▶ [DATASET CONTENT]:
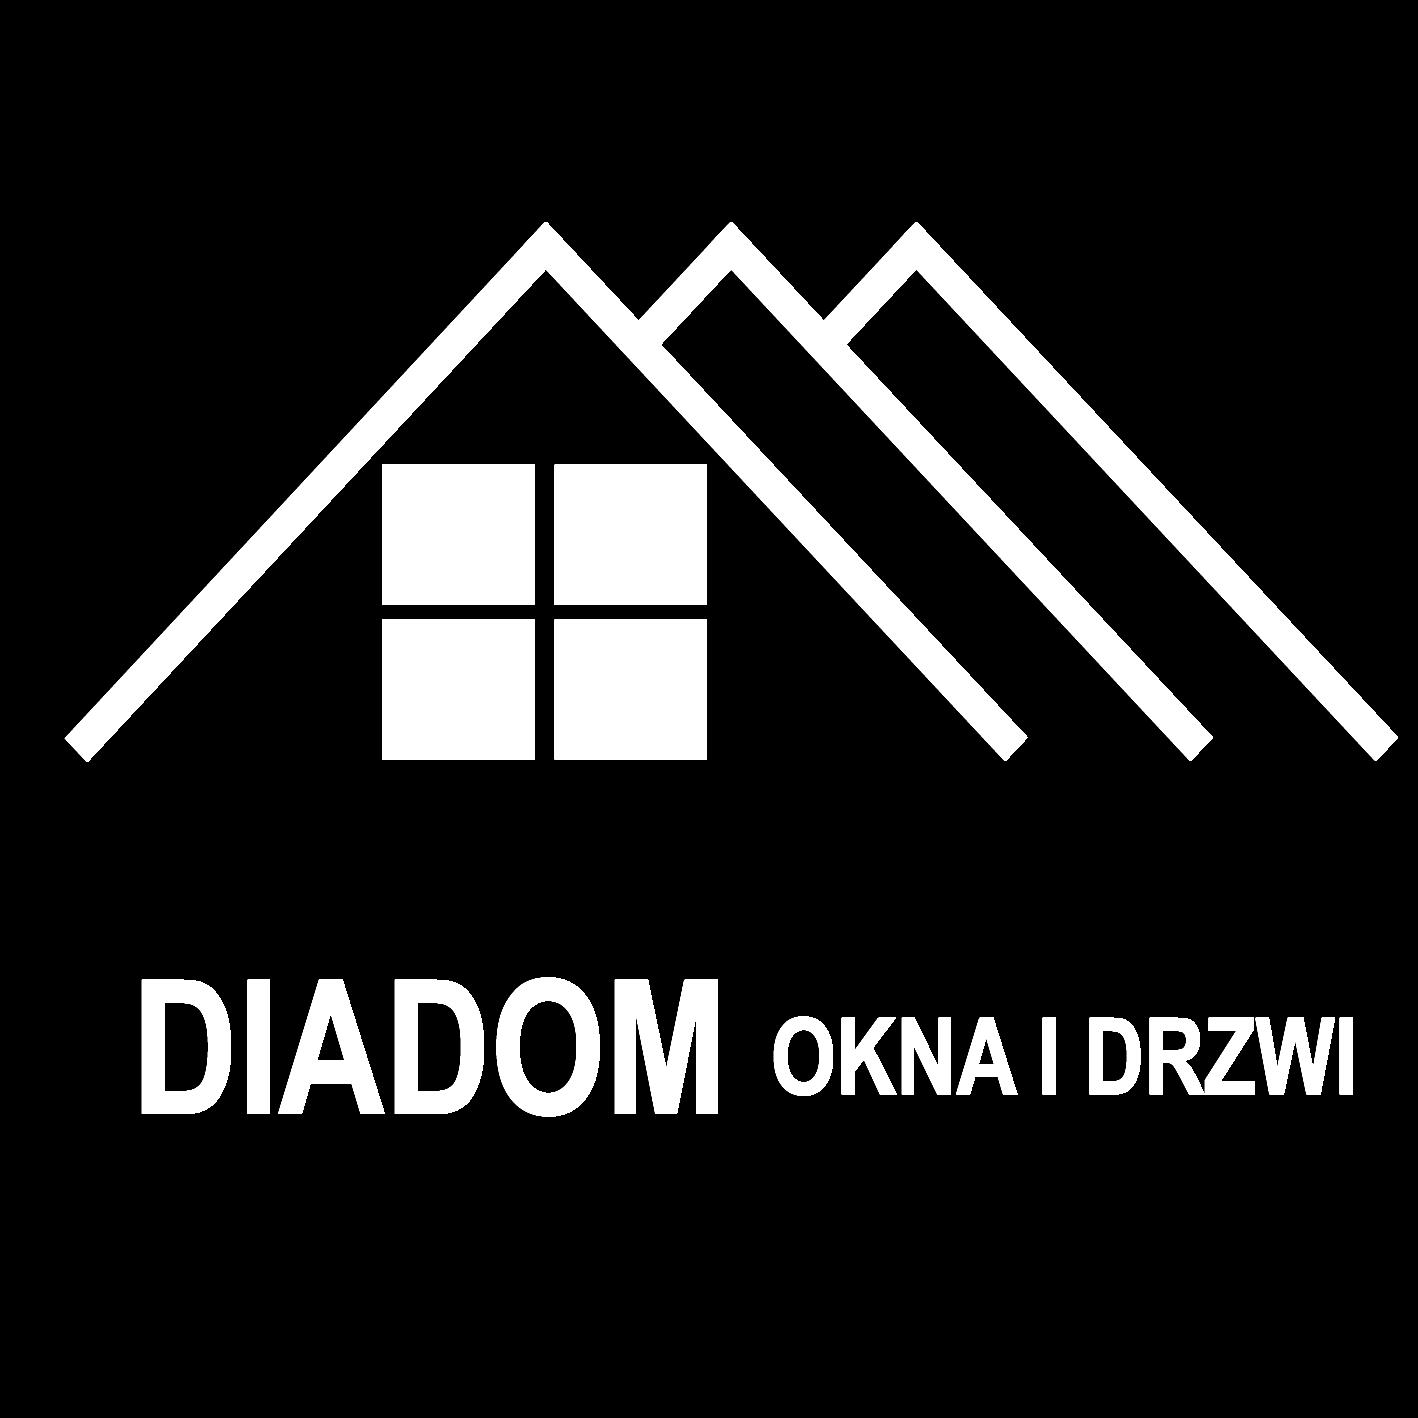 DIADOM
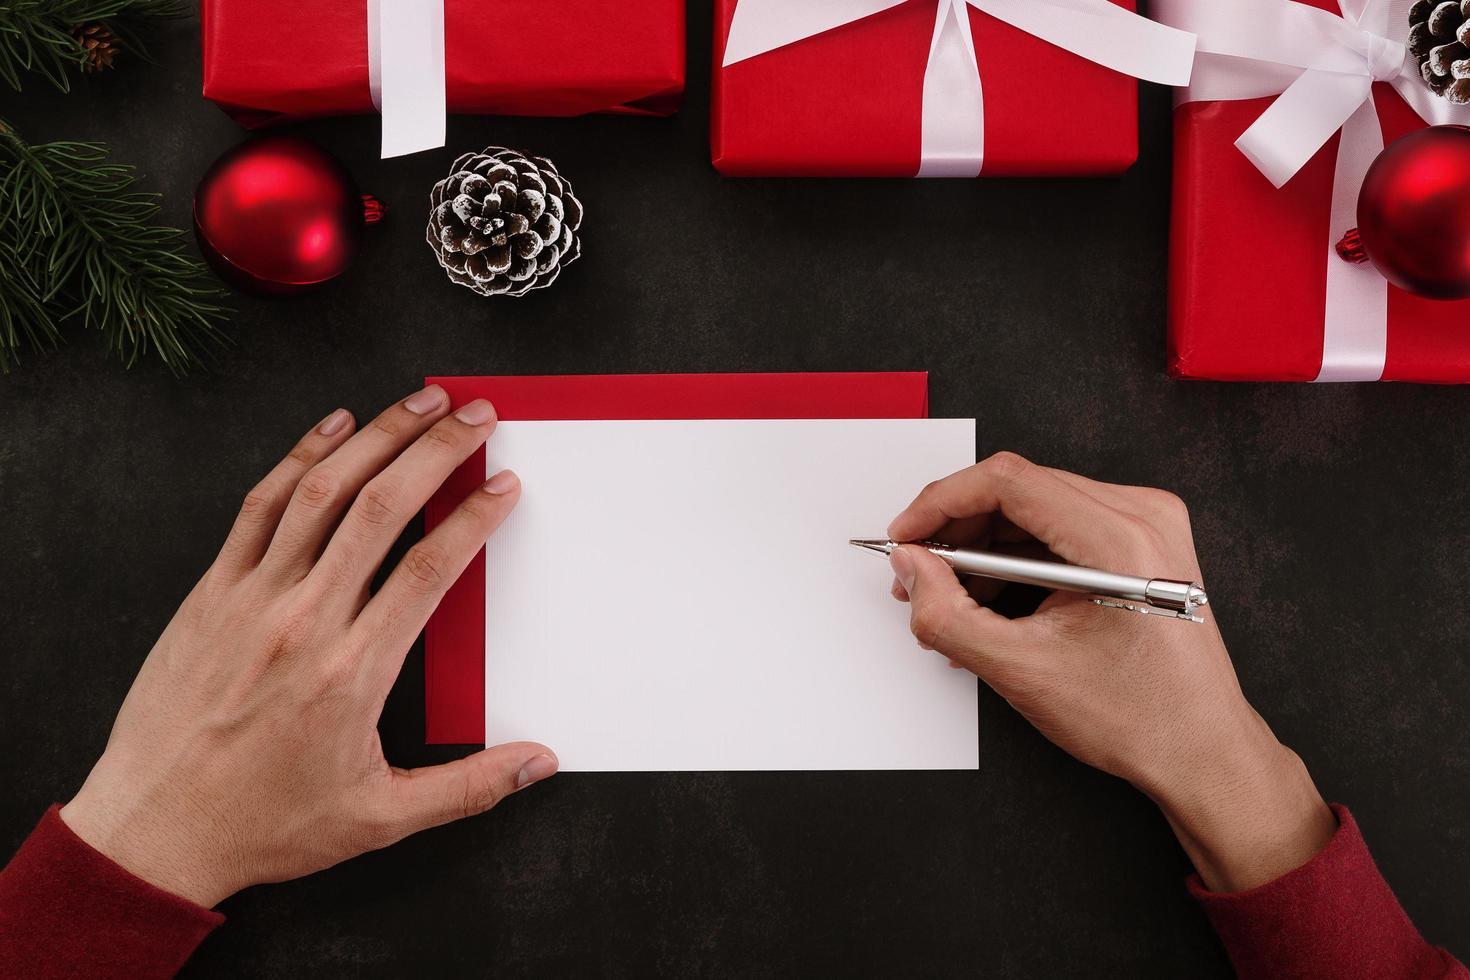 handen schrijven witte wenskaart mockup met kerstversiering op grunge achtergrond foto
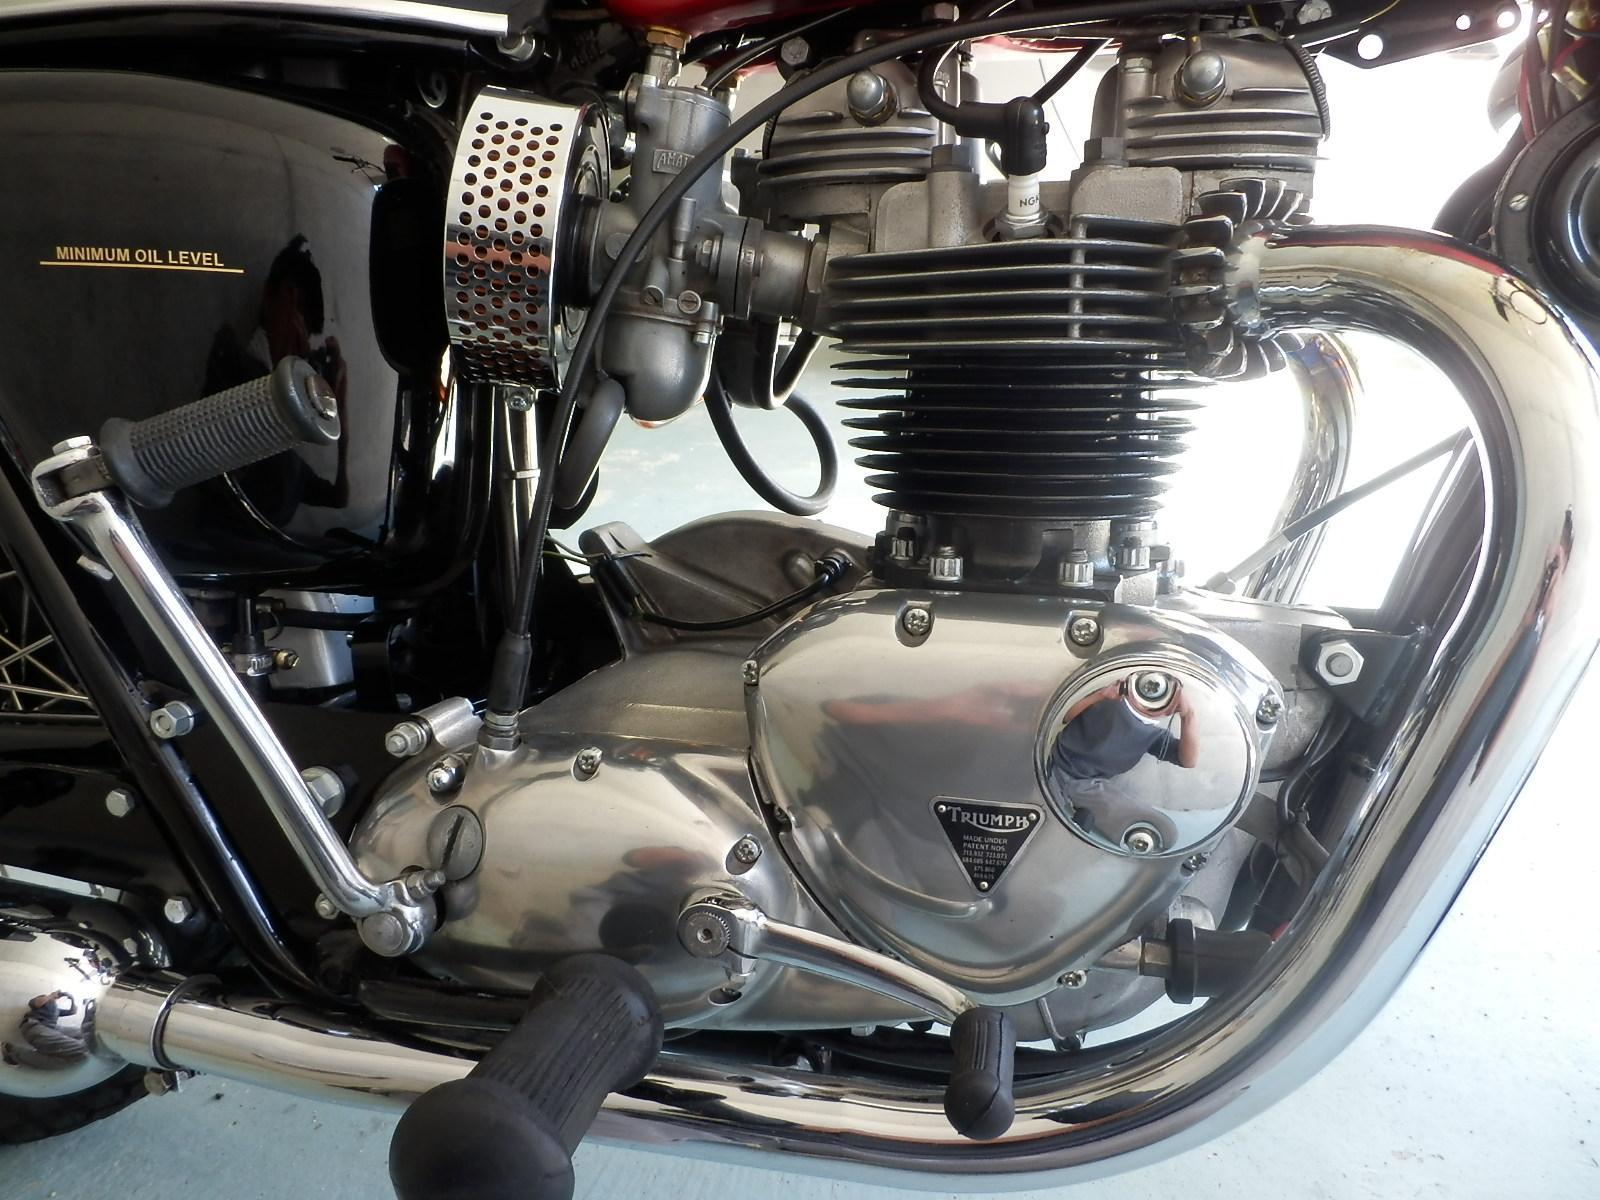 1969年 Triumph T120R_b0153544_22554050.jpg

▶ [PROBLEM REQUIREMENTS]: Once the pictures are set aside, repeat the data above exactly.

▶ [EXERCISE OUTPUT]:
 DIADOM
 handen schrijven witte wenskaart mockup met kerstversiering op grunge achtergrond foto
 1969年 Triumph T120R_b0153544_22554050.jpg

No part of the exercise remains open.